Левин застыл в нерешительности, потом сказал:
– Я… Мне, пожалуй, не стоило этого говорить… Вы сами нам сказали… В смысле сообщили…
Солнечный свет высветил на его лице бледность.
– Послушайте, старина… – стал объяснять он. – Вы, наверное, и сами не знаете… Или, может, такое случалось с вами в детстве?
– Э-э-э… «Такое»? Что вы имеете в виду?
– Вы разговариваете… во сне! – сказал Левин.
– И что из этого? – к его удивлению, спросил Титженс. – Тоже мне сенсацию нашли! С учетом бессонницы и огромного количества свалившейся на меня работы…
– Но ведь это означает, что… – произнес Левин, патетично взывая к энциклопедическим знаниям Титженса. – В детстве мы говорили… что если человек разговаривает во сне, то, по сути, он… немного чокнутый… Разве нет?
– Не обязательно, – бесстрастно ответил Кристофер. – Это лишь означает, что человек испытывает умственные перегрузки, но далеко не все из них толкают его в пропасть. Никоим образом… Да и потом, что это, собственно, меняет?
– Вы хотите сказать, что вам все равно… Боже милостивый!
Он как-то поник, уныло уставился на открывавшийся взору вид и сказал:
– Чертова война! Будь она проклята!.. Вы только посмотрите на эту красоту…

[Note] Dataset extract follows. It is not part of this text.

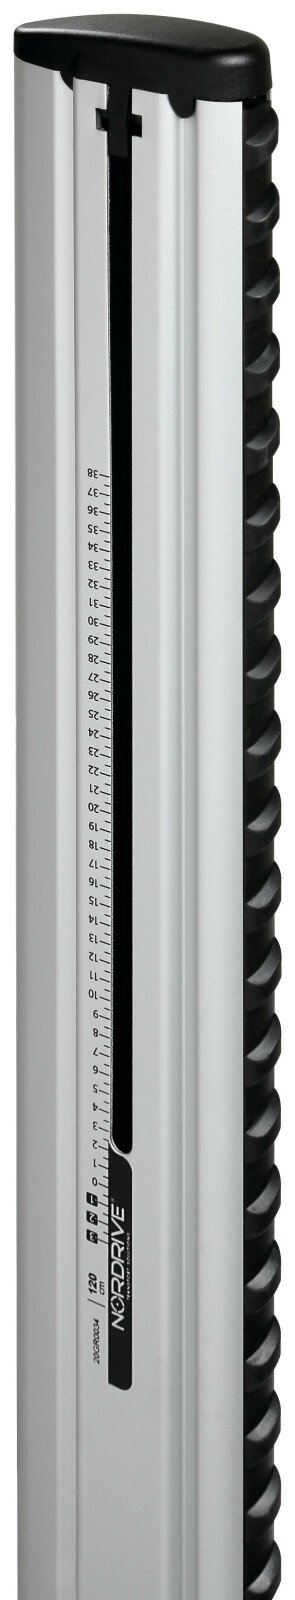 Silenzio aluminium csomagtartórúd szett, 2 db - L - 128 cm thumb

– Да, картина действительно вдохновляет, – ответил Титженс. – Жестокость человеческой натуры считается явлением вполне нормальным. Мы лжем, предаем, страдаем от недостатка воображения и обманываем себя – всегда примерно в одинаковых пропорциях. Что в мирное время, что в военное! Но среди этого пейзажа где-то затаились огромные подразделения, состоящие из великого множества людей. Если же раздвинуть горизонт и окинуть взором всю линию фронта, то эти подразделения и вовсе примут колоссальные размеры… От семи до десяти миллионов человек… И все движутся туда, куда им отчаянно не хочется… Отчаянно! Каждый из них отчаянно боится, но все равно идет и идет. К этому его принуждает безграничная слепая воля, в попытке довести до конца единственное достойное дело, имеющееся в активе человечества за всю его историю. То самое, в которое вовлечены и мы. Это усилие является единственным достойным поступком во всей их жизни… В то время как во всем остальном их жизнь, жизнь всех этих людей, сводится к грязным, мелким, порочным делишкам… В том числе ваша… А заодно и моя…
– Боже праведный! – воскликнул Левин. – Какой же вы пессимист!
– Напротив, оптимист! – возразил Титженс. – Как вы не можете этого понять!
– Но ведь… – сказал Левин. – Нас громят по всем фронтам… Вы даже не знаете, сколь отчаянно наше положение.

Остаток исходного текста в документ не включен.